To get started, clone the repository and follow the README to setup the ELK instance and logger. If everything is working, you should be able to open the Kibana interface at http://localhost:5601 and see the dummy logs appearing in the log tab.
The final configuration files of the pipeline we will set up in this tutorial can be found in the example folder. If you're having issues with setup, you can reference those files for a working version.
Without further ado, let's have a look at how the Hyperion pipeline works and how we can configure one ourselves.
The entire Hyperion pipeline has a single job: attach enough metadata to the incoming log lines to allow the aggregator to do it's job. Because Hyperion aims to be dynamic enough to work in a large variety of logging setups, the composable pipeline allows for any combination of plugins that resolve or attach this metadata.
If we visualize the pipeline setup used in this tutorial, it'd look something like this:
At the end of the pipeline (when the aggregator receives the final information), we expect to have the following information (see the aggregator documentation for more info):
{
"project": "<some unique identifier for the project, such as the repo name or package>",
"version": "<some way to represent the version the code is running on, usually a git hash>",
"location": {
"file": "<the file in which this log entry occurred, relative to the root of the code>",
"line": "<the line in which the log happened, can be a string or a number>"
},
"severity": "<some way to represent the severity, recommended to be a standard severity but free form>",
"timestamp": "<an ISO 8601-parsable timestamp that represents the time at which this log occurred>"
}
As such, our job is to set up the pipeline in a way that this metadata is attached and properly positioned in the correct fields.

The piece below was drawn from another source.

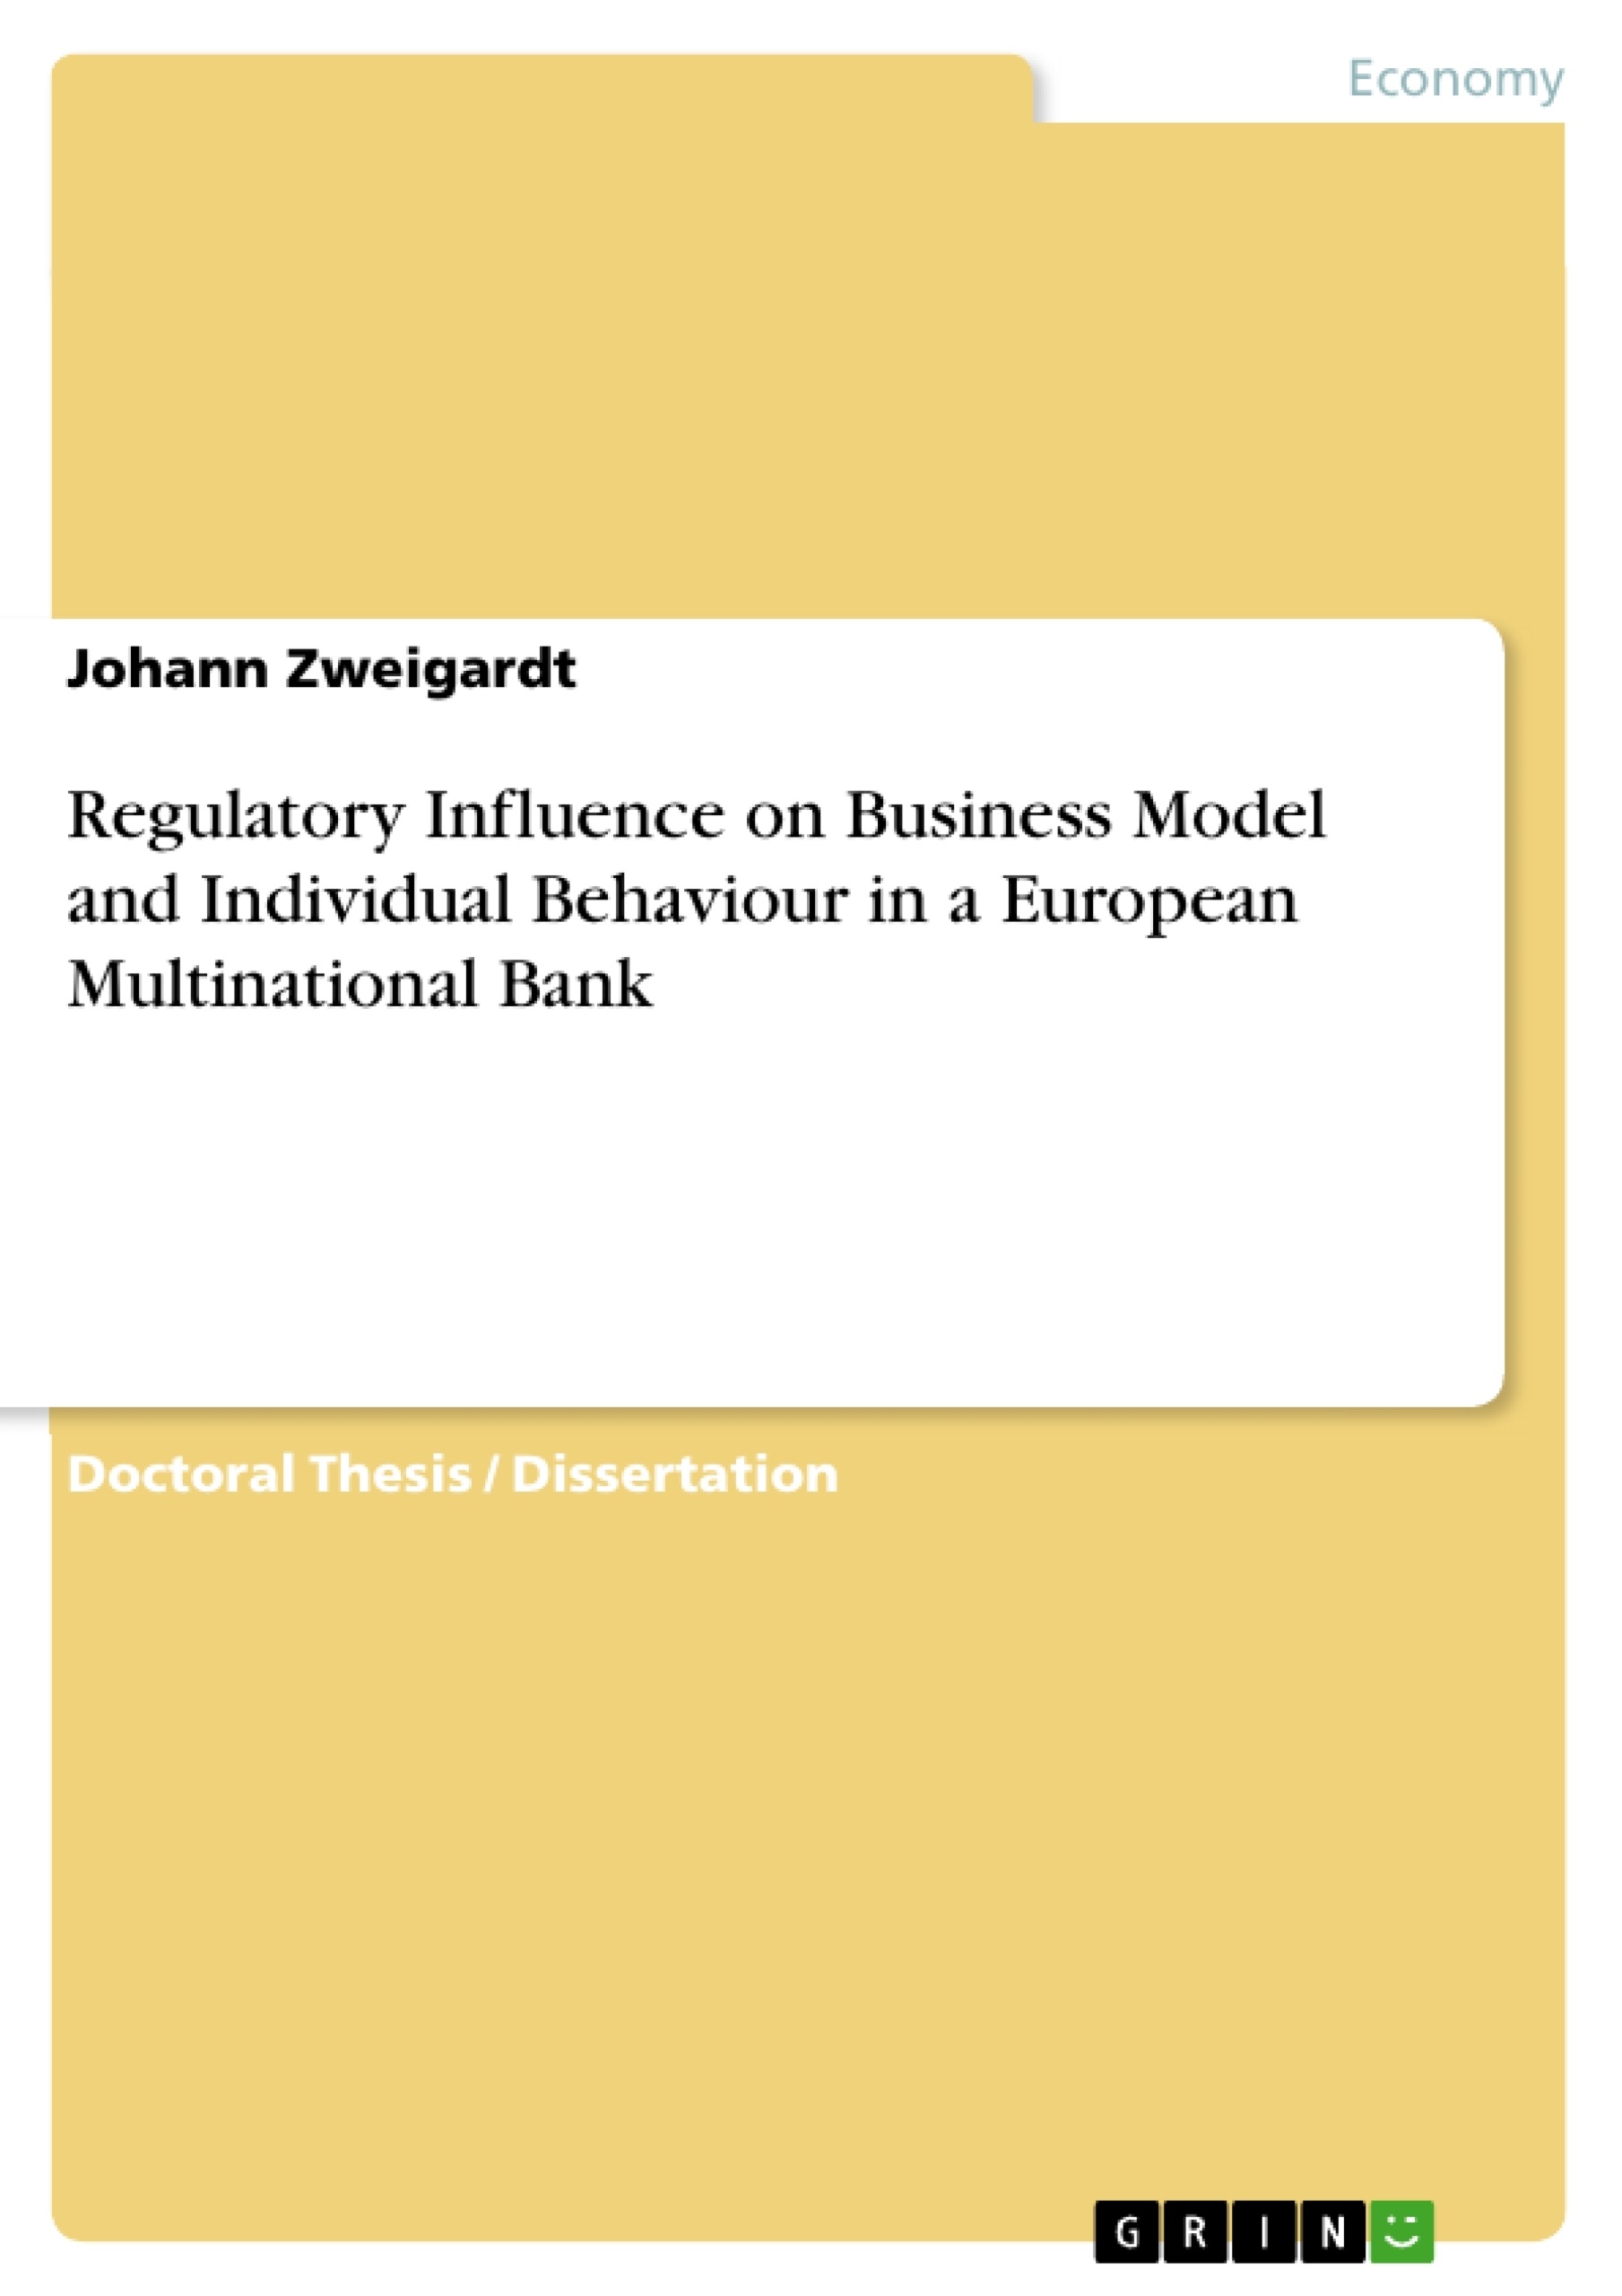 Título: Regulatory Influence on Business Model and Individual Behaviour in a European Multinational Bank

First, you need to make sure that you have compiled versions of all the Hyperion projects. You can either download the compiled jars from the GitHub releases, or you can compile the project yourself.
To compile the project yourself, clone the Hyperion project and run the shadowJar goal. All the jars will be put in the build
subfolder of their specific project:
$ git clone https://github.com/serg-delft/monitoring-aware-ides
$ cd monitoring-aware-ides
$ ./gradlew shadowJar
Our first step in configuring a pipeline is to set up the plugin manager. The plugin manager is the central component that tells all the pipeline components where they will be getting their data from and where it needs to go. Because it is such a centerpiece, it needs to be accessible by all plugins. Since we're just testing, let's run it on localhost:3000
.
The plugin manager requires a configuration. You can see the full set of options here, but for now lets start with the bare basics. Put the following in pluginmanager.yml
:
host: "tcp://localhost:3000"
plugins: []
We don't have any steps in our pipeline yet, but we will be adding those as we continue the tutorial. For now, you should be able to run the following command to start the plugin manager:
$ java -jar path/to/pluginmanager-all.jar pluginmanager.yml
Let's start by first ensuring that the pipeline is able to actually retrieve our data. Since we're using the ELK stack, we actually have two options: using the elasticsearch data source or using the logstash-output-hyperion plugin. For the sake of simplicity, we will be using the elasticsearch data source in this tutorial, but for production environments you should be using the Logstash plugin, as it is far more performant.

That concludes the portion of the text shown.